Selecting a Starter Environment

Click the /environment folder to open the Environment Editor. Code Ocean uses Docker as the underlying tool to build and preserve the environment. When adding a package, the Environment Editor writes the information to a Dockerfile in the /environment folder.

Any edit made in the /environment folder triggers a change in the Dockerfile, which could result in a complete rebuild of the Docker image during a subsequent Reproducible Run or Cloud Workstation session. The wait time for the Docker image rebuild varies according to the number and complexity of packages installed.

Selecting a Starter Environment

The first thing to do when setting up the computation environment is to select a Starter Environment, which is also called the base image. The Environment Editor lists all the base images available and allows you to search by name, version, language, and tags.

In addition to determining the base software and package managers that will be available in the Capsule, the Starter Environment also determines if GPU or CPU compute resources will be available from within the Capsule. You can learn more about Compute Resources here.

Click Select to choose the base image. If the Starter Environment has multiple versions, you'll be able to choose a specific version.

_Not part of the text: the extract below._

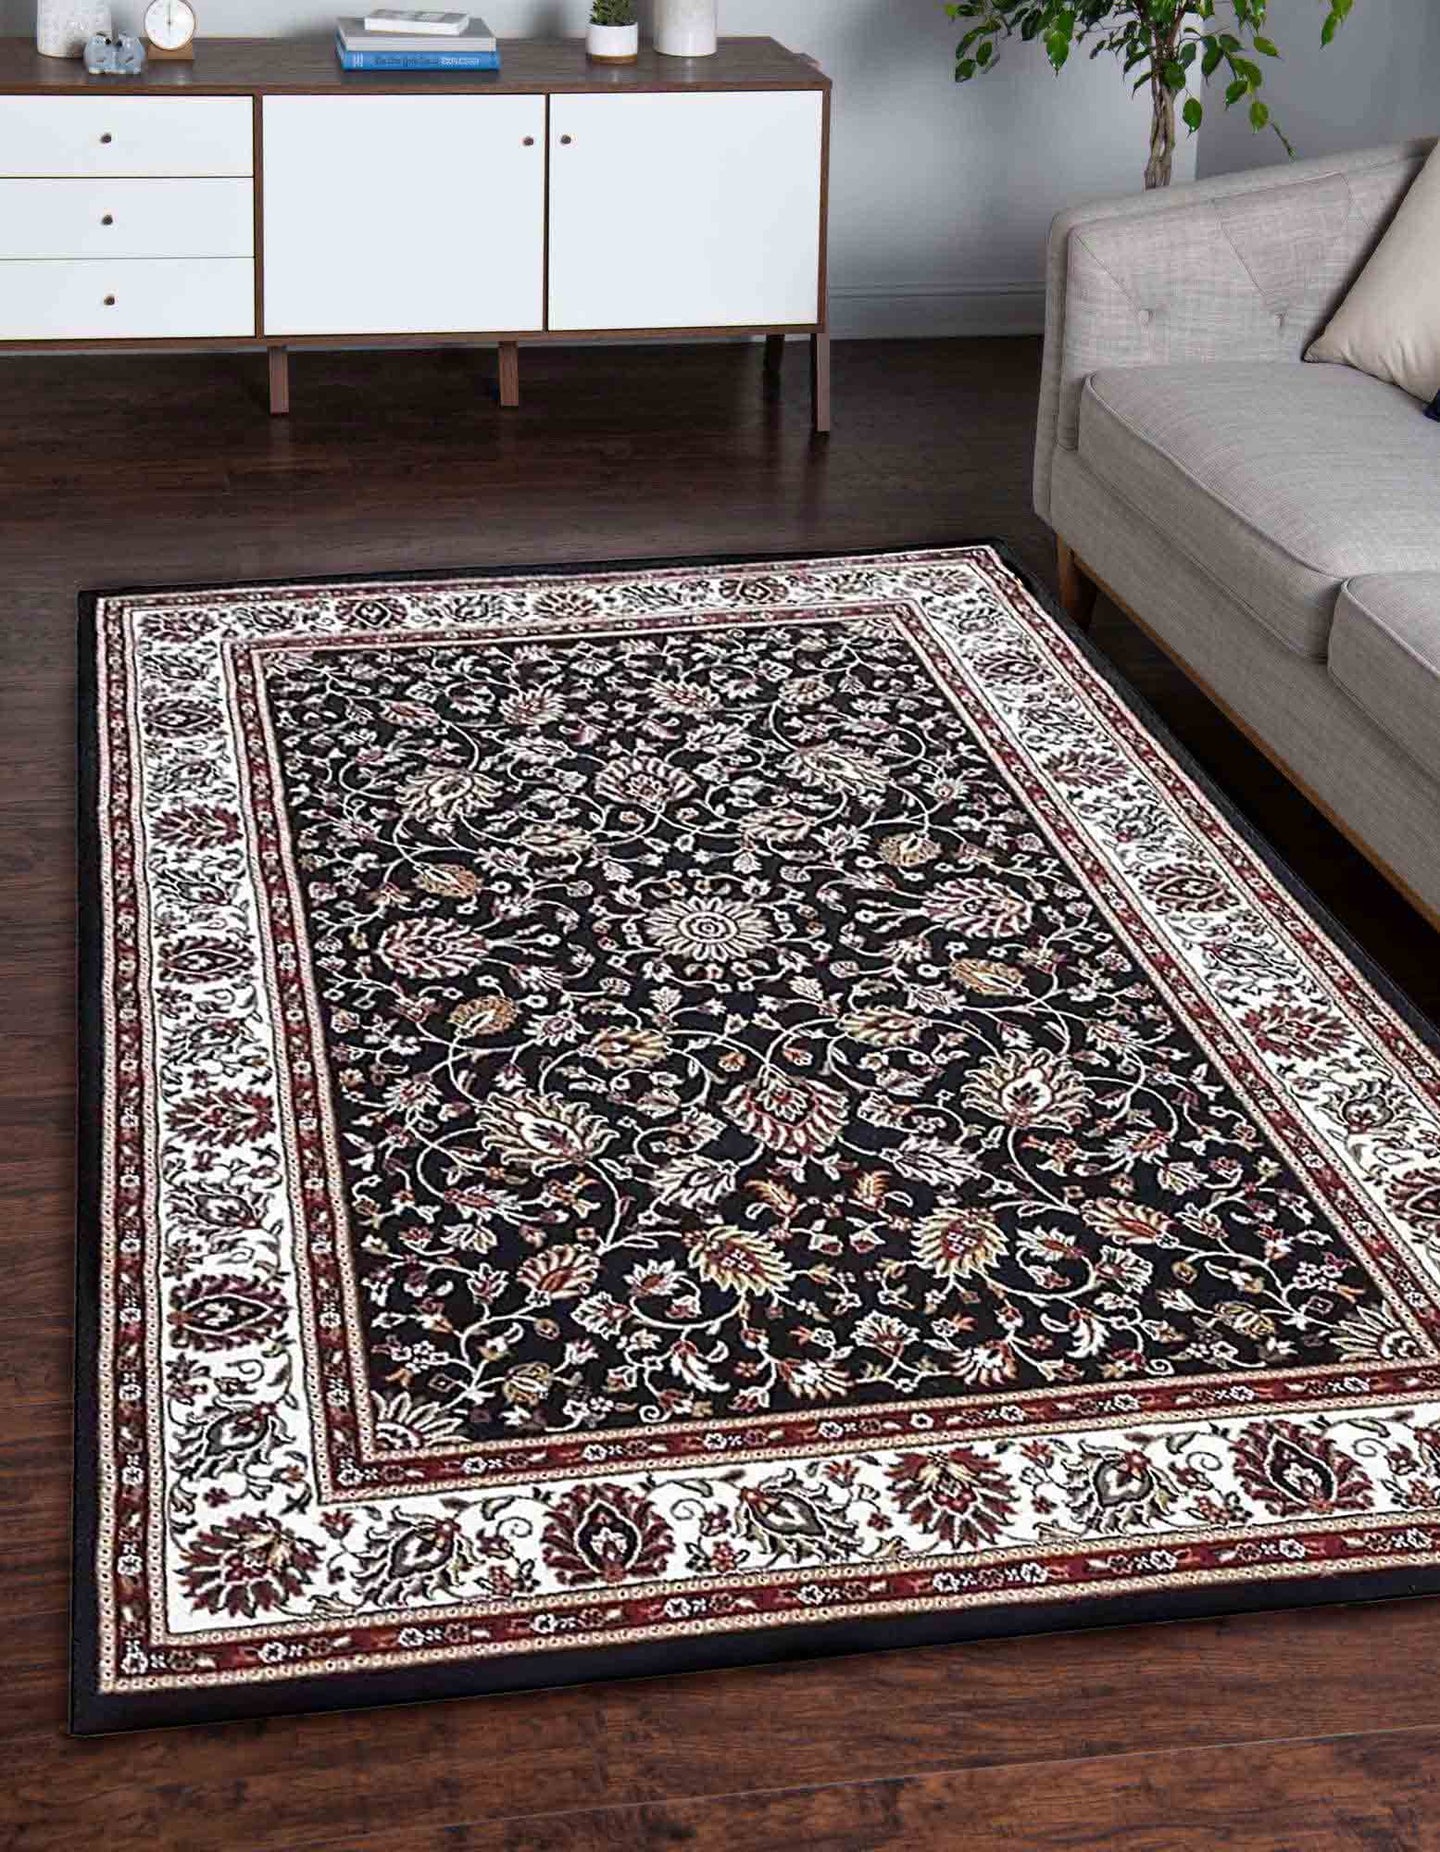 RUG ROOT Beautiful Persian Carpet Black Color From All India Choice Collection
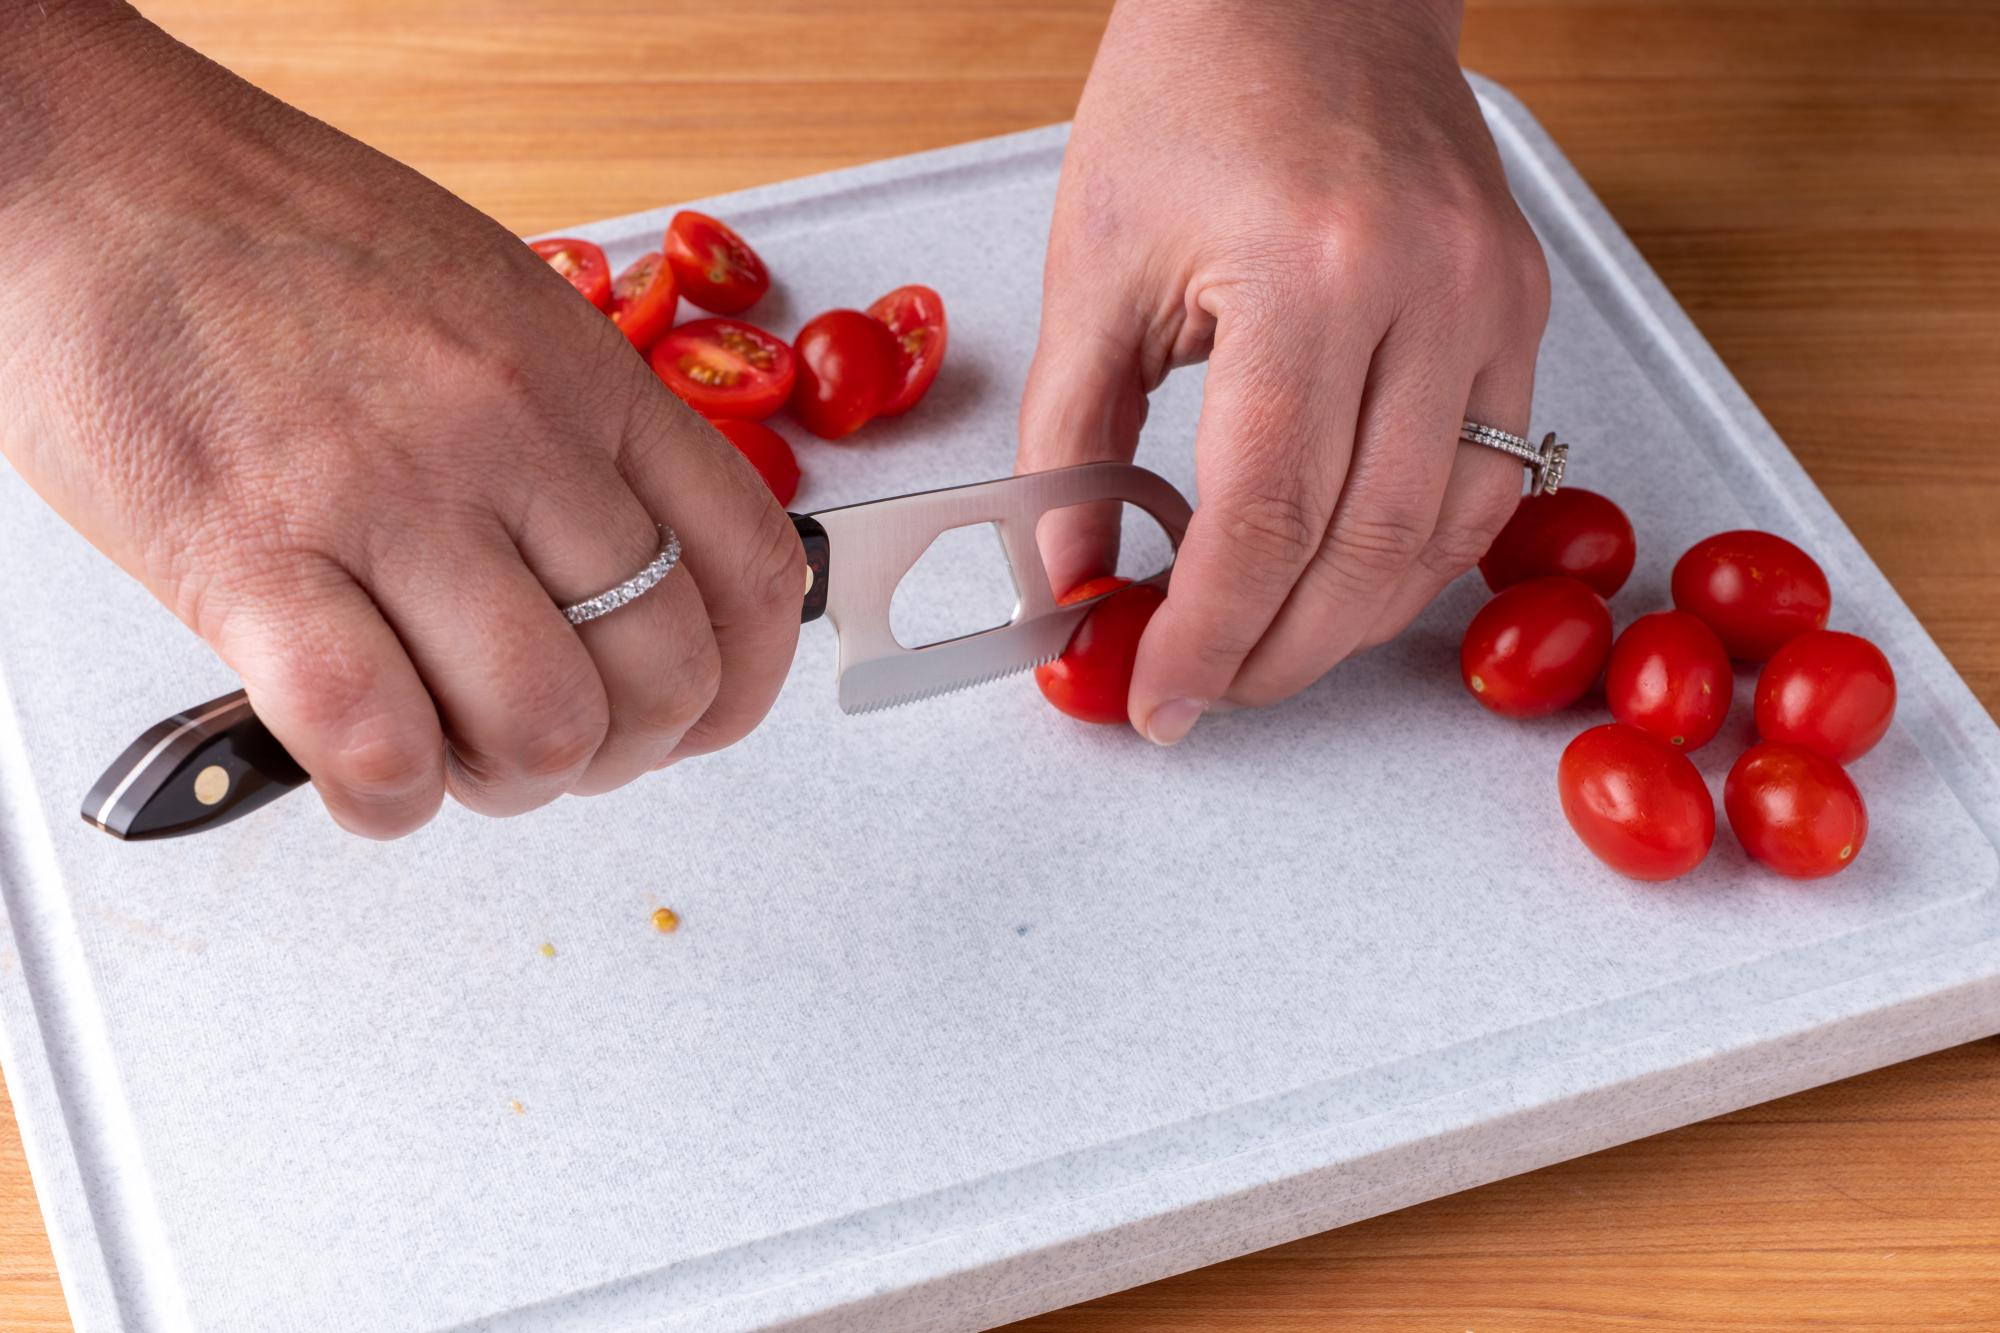 Slicing the cherry tomatoes with a Santoku-Style Cheese Knife.

You can view all of the packages installed in a Starter Environment along with their specific versions by clicking the drop-down menu to expand/fold the package managers that were installed.

Once you've selected a Starter Environment, clicking on a specific package manager icon as shown below will open an information box listing the packages installed via that package manager along with their versions.

Considerations When Choosing a Starter Environment

  • When not using a pre-installed language, use a base Ubuntu (16.04,18.04,20.04) environment.

  • When proprietary software, such as MATLAB or Stata is required, begin from an environment with the proprietary language.

  • When using a GPU, select an environment with GPU access. These are labeled accordingly, or will reference CUDA or a deep learning framework. You can filter for GPU machines by typing GPU in the search box.

Starter Environments for Specific Cloud Workstations

A helpful guide to selecting a Starter Environment could be choosing a relevant image associated with the Cloud Workstation you would like to work in. You can find the Cloud Workstation and the compatible language below.

Cloud WorkstationCompatible LanguageNote

Terminal

all

Jupyter Lab/ Jupyter Notebook

mostly Python

You can install other kernels and use different languages

RStudio

R

MATLAB

MATLAB

View the information box below for more detail.

Code-Server (VSCode)

all

Ubuntu Desktop (IGV,

Pytorch Desktop, etc.)

all

Requires use of Ubuntu Desktop Starter Environment

Shiny

R

IGV

all

Requires use of Starter Environment with IGV installed (i.e. Ubuntu Desktop)

Streamlit

Python

The MATLAB Cloud Workstation is a MATLAB interface that requires specific licenses and configurations set up in a MATLAB Starter Environment. To use the Matlab Cloud Workstation, you must choose MATLAB as your Starter Environment.

You need MATLAB credentials for executing Reproducible Runs and entering the Cloud Workstation. Visit this article for more details.

Dockerfiles In Code Ocean

When you first select your Starter Environment, a Dockerfile will be created in your environment folder. This file contains all the necessary commands that will be used to build your custom environment in your Capsule during computations. As more packages are added via the Environment Editor they will be synchronously added to the Dockerfile.

To manually customize your Capsule environment you can open the Dockerfile and unlock it. This is not recommended as it will permanently disable the environment editor and all subsequent changes to the environment will need to be made through the Dockerfile.